On a June evening in Shanghai, Hermès unveiled the second chapter of its Fall 2025 collection along the North Bund. While many luxury brands have recently staged grand events in China—despite the 2024 luxury slowdown—Hermès’ arrival felt particularly fitting. Artistic director Nadège Vanhée’s modern take on the house’s heritage blurred the lines between past and present.
Backstage, Vanhée described the collection’s muse as “a confident, assertive woman—only this time, she’s in Shanghai.” Exploration became the theme, expressed with clever subtlety. The show unfolded on a sleek orange set by the Huangpu River, where guests sipped champagne infused with rice wine, its glass adorned with floating wildflowers. As the lights dimmed like a sunset, a paneled wall parted to reveal the river and the glowing Lujiazui skyline. Models walked as neon-lit boats drifted past, the Oriental Pearl Tower bathed in red light behind them.

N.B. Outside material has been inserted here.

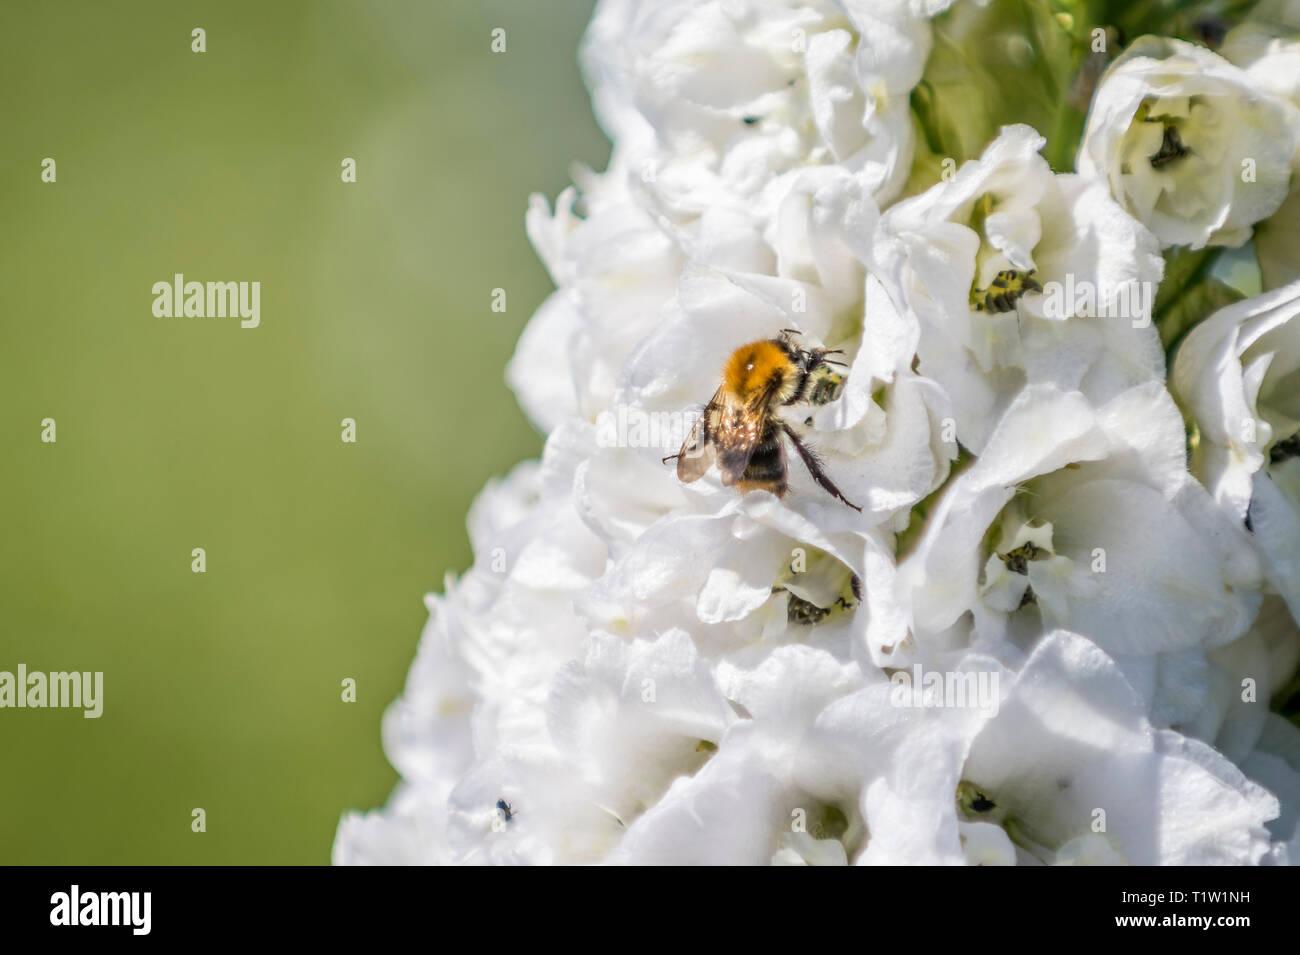 Honig Biene auf Blume Rittersporn Stockbild

Titled Au Galop!, the collection opened with Virginie Jamin’s Dressage Tressage silk scarf, while braids—echoed in hairstyles and the handwoven trim of a Kelly bag—served as a recurring motif. This nod to Hermès’ equestrian roots also symbolized the fusion of tradition and modernity, Paris and Shanghai. Vanhée emphasized timelessness, designing pieces to adapt effortlessly: “How can you transform your clothes to last all day, all season, all life?”
Wine-hued fur jackets and double-faced cashmere lined with Dressage Tressage prints stood out. Styling drew from Shanghai’s streetwear energy—think knits and button-ups tied at the waist, but rendered in luxe cashmere and leather. Mini Kellys swung cross-body or strapped like backpacks, accented by silk scarves. Some models sported Hermès’ new leather headphones from Atelier Horizons, reimagining quiet luxury.
Each piece offered versatility, a smart response to the luxury slowdown. A leather dress unzipped into a skirt and vest; a coat’s printed lining detached to wear separately, while its top half transformed into a jacket—no visible fastenings needed. Playful yet discreet, the collection embodied Hermès’ elegance: understated, but unmistakable to those who know.